Sure, I am glad to know that there is life after children but I also know that it is a very different one in many ways and that someone (like me) who is in the thick of raising small people does not need to hear a phrase like that. And the funny thing? I like having my kids around!
In this situation I felt like this woman was trying to tell the mother of that little boy (and maybe even me) that life is better after children.
But right now, I would have to disagree. Maybe I have to do that for sanity’s sake. You know, like for instance, when I am having a night where one kid is throwing up and another has an epic tantrum and no one ate the dinner I worked hard to prepare, I try to remember that life during children is still abundant and fun and lively and not to be dismissed.

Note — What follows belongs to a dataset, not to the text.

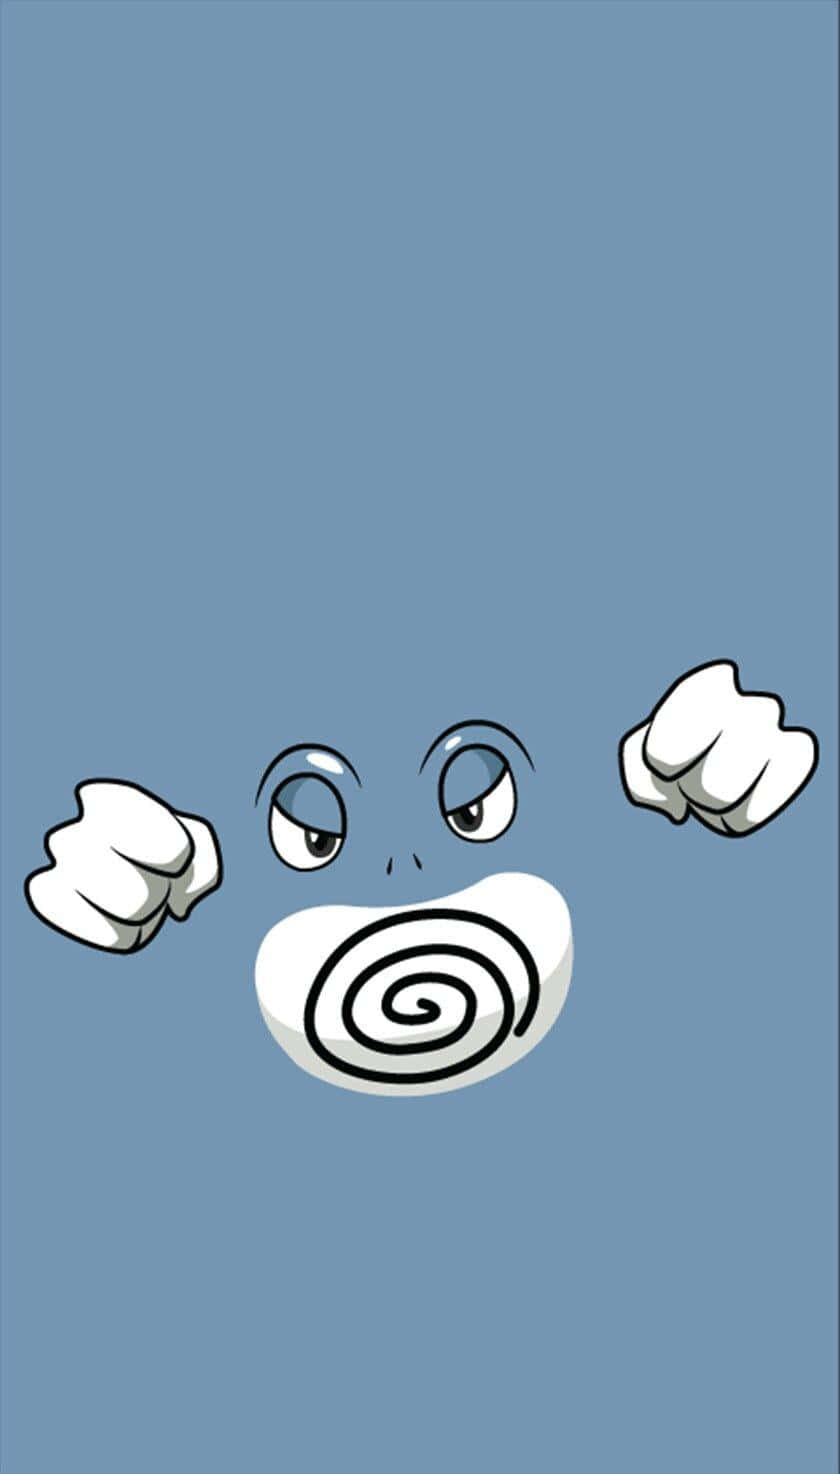 Cute And Simple Poliwrath Wallpaper

Like the times when I take my kids to Canada on vacation and their faces light up with joy at new things like tubing and paddle boating and snow on a mountain.
Or when I occasionally still rock the “baby” at night and she asks for me to sing her a lullaby.

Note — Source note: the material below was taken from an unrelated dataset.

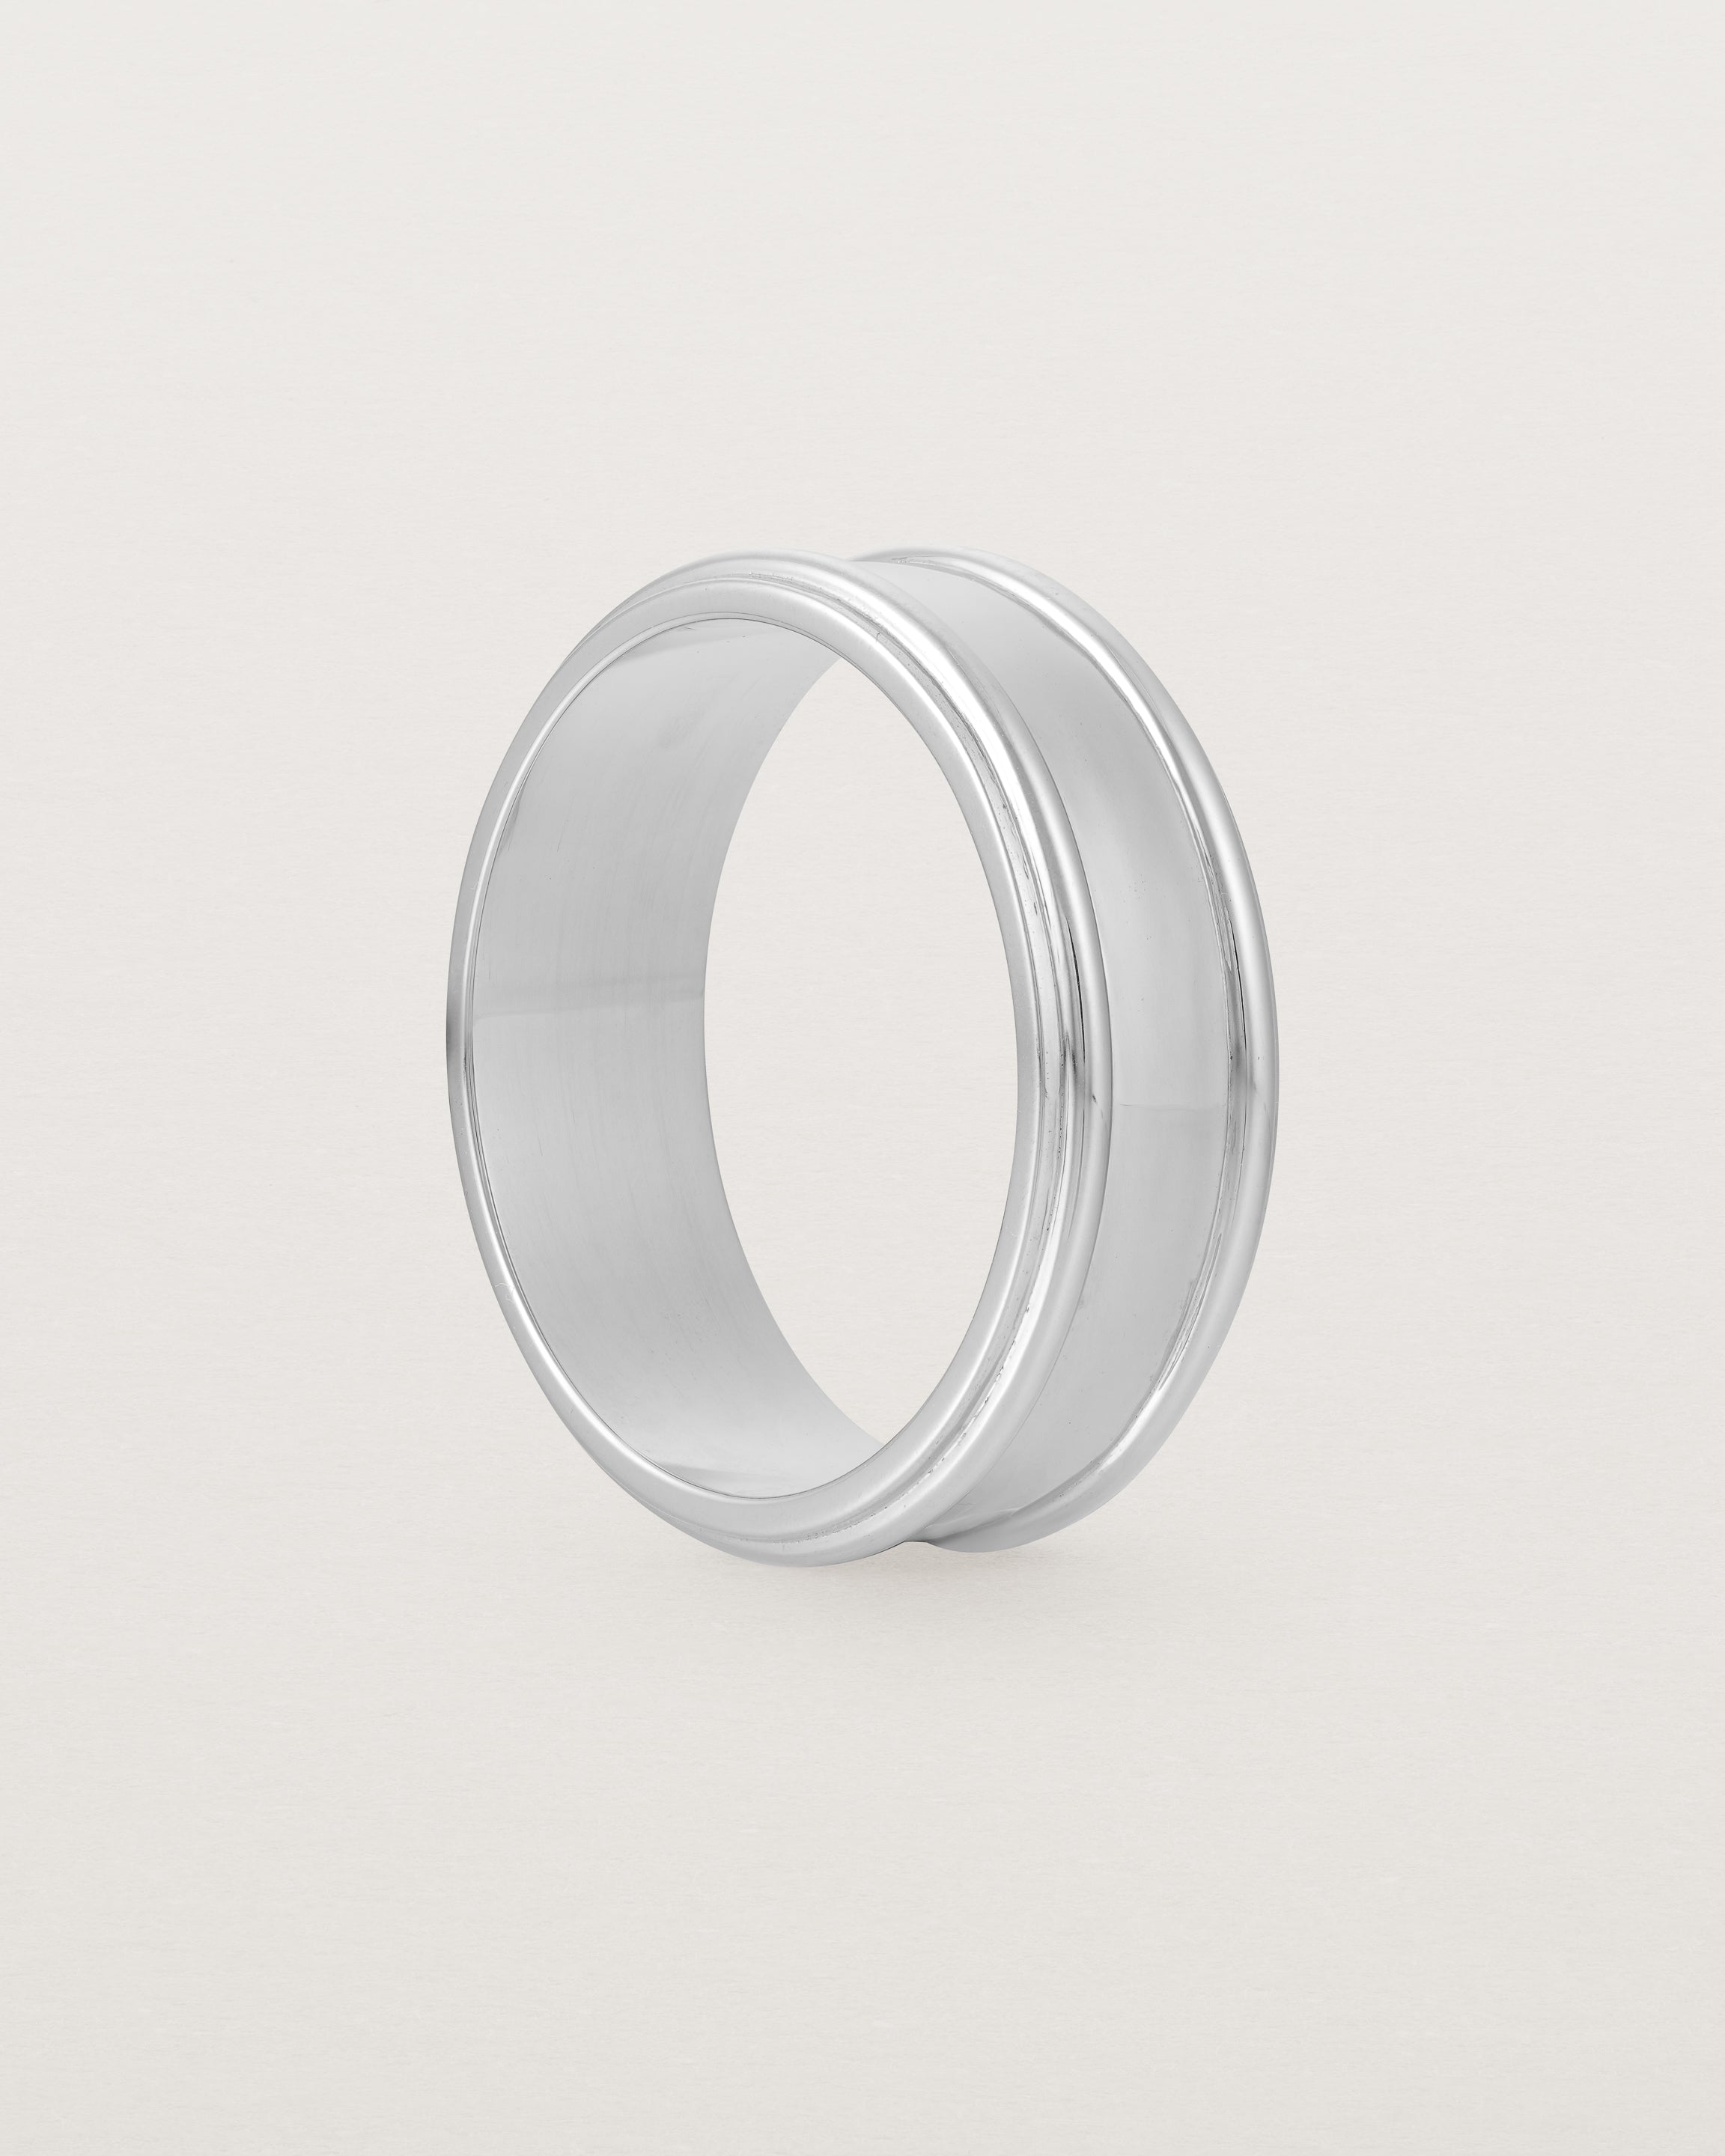 Standing view of the Border Wedding Ring | 7mm | White Gold.

And maybe the times when I realize they really do love each other, like when I witness one help the other learn to play a song on the piano.

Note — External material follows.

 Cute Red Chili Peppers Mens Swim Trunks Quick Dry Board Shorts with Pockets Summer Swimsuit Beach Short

Or the many moments when they have taught me something or reminded me how precious life can be.
Life with children is full of them learning to do things for themselves and riding next to me on the roller coaster because they are finally brave enough and telling me they love me and snuggling up next to them on the couch while we watch a movie as a family.
I am no where near anticipating my “life after children” and I know that one day I will look up and that life will be here and I will marvel at where all the time went.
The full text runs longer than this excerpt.